Poly(Thioketal Urethane) Autograft Extenders in an Intertransverse Process Model of Bone Formation

Iliac crest autograft (AG) is the gold standard for bone grafting. Due to the limited supply of autograft, synthetic materials such as ceramics and polymers have been proposed as AG extenders to minimize the volume of AG required for induction of new bone formation. However, the feasibility of reactive polymers for use as settable AG extenders has not been previously investigated.

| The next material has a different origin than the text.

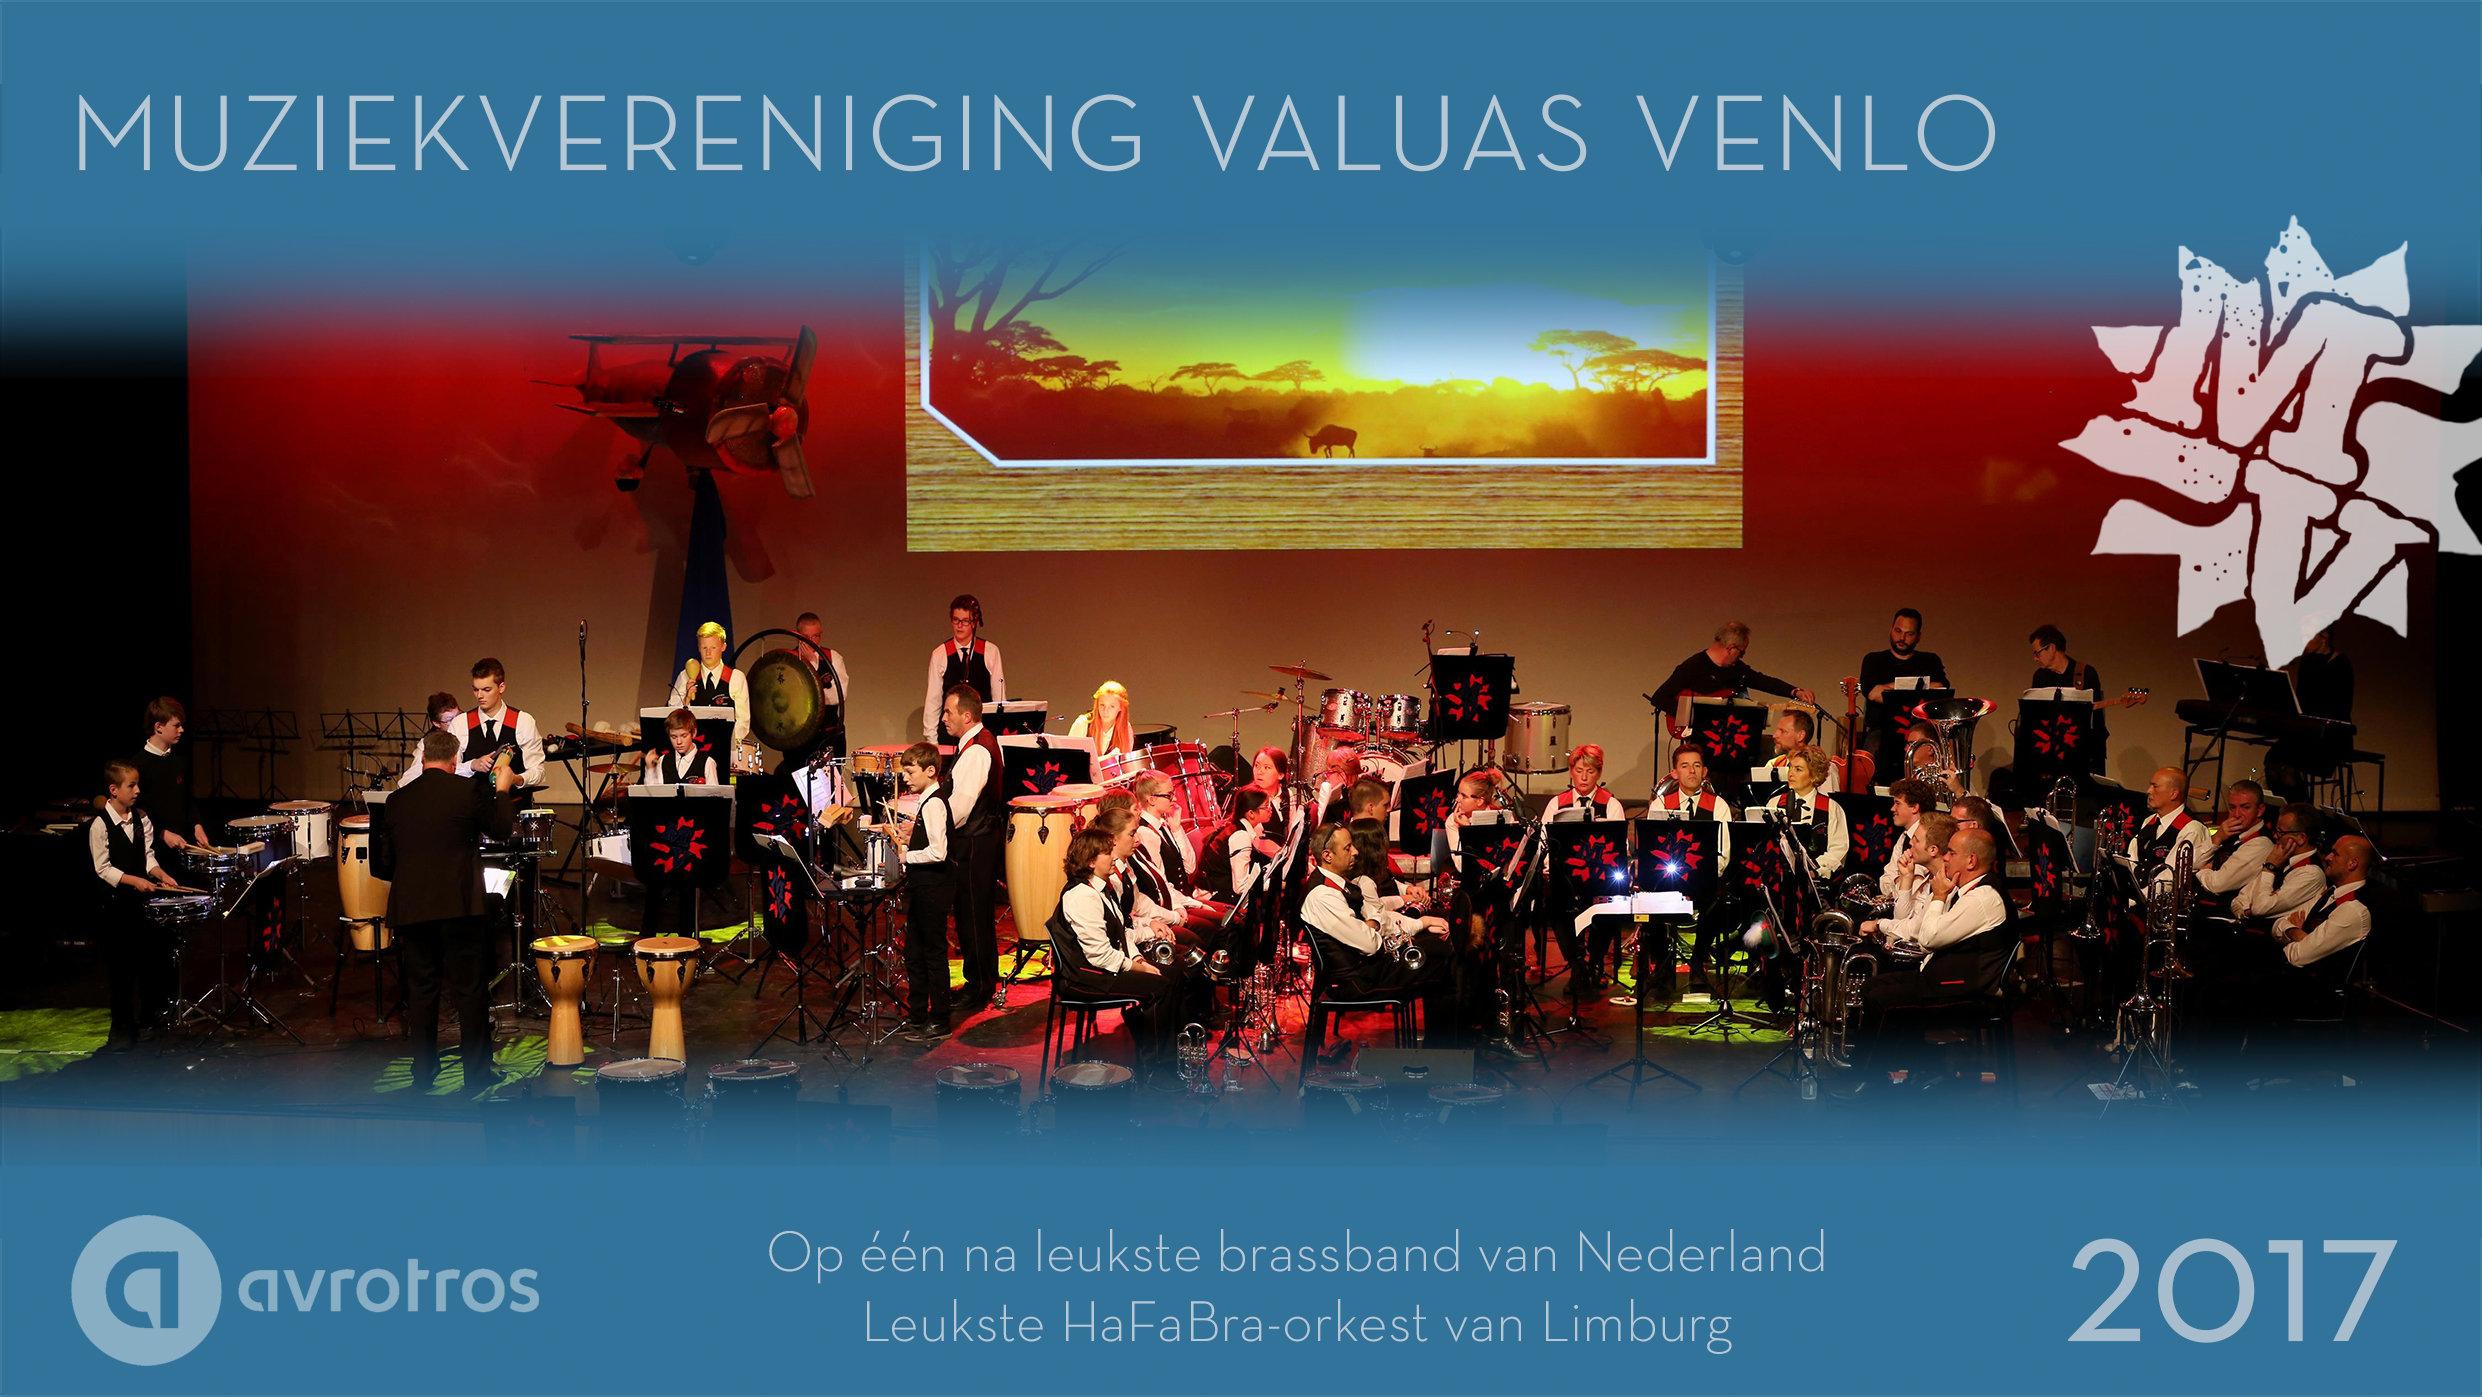 MV Valuas nominatie

In this study, a reactive oxygen species-degradable poly(thioketal urethane) (PTKUR) was evaluated as a settable AG extender. AG was anticipated to enhance infiltration of cells into the defect and induce new bone formation. Histological analysis of a preliminary study in a rat femoral segmental defect model showed that cells infiltrated PTKUR/AG implants at 4 weeks. In a second experiment, implantation into an intertransverse process model of bone formation showed bone remodeling from the superior and inferior transverse processes. Histological analysis combining data from stains and fluorochrome injections showed lamellar bone formation ongoing near the base of the transverse processes after 8 weeks. Similar findings were observed for a second group, in which 35% of the AG was replaced with calcium phosphate granules. These observations highlight the potential of PTKUR for use as a settable AG extender. Impact Statement The development of autograft extenders is a significant clinical need in bone tissue engineering. We report new settable poly(thioketal urethane)-based autograft extenders that have bone-like mechanical properties and handling properties comparable to calcium phosphate bone cements. These settable autograft extenders remodeled to form new bone in a biologically stringent intertransverse process model of bone formation that does not heal when treated with calcium phosphate bone void fillers or cements alone. This is the first study to report settable autograft extenders with bone-like strength and handling properties comparable to ceramic bone cements, which have the potential to improve treatment of bone fractures and other orthopedic conditions.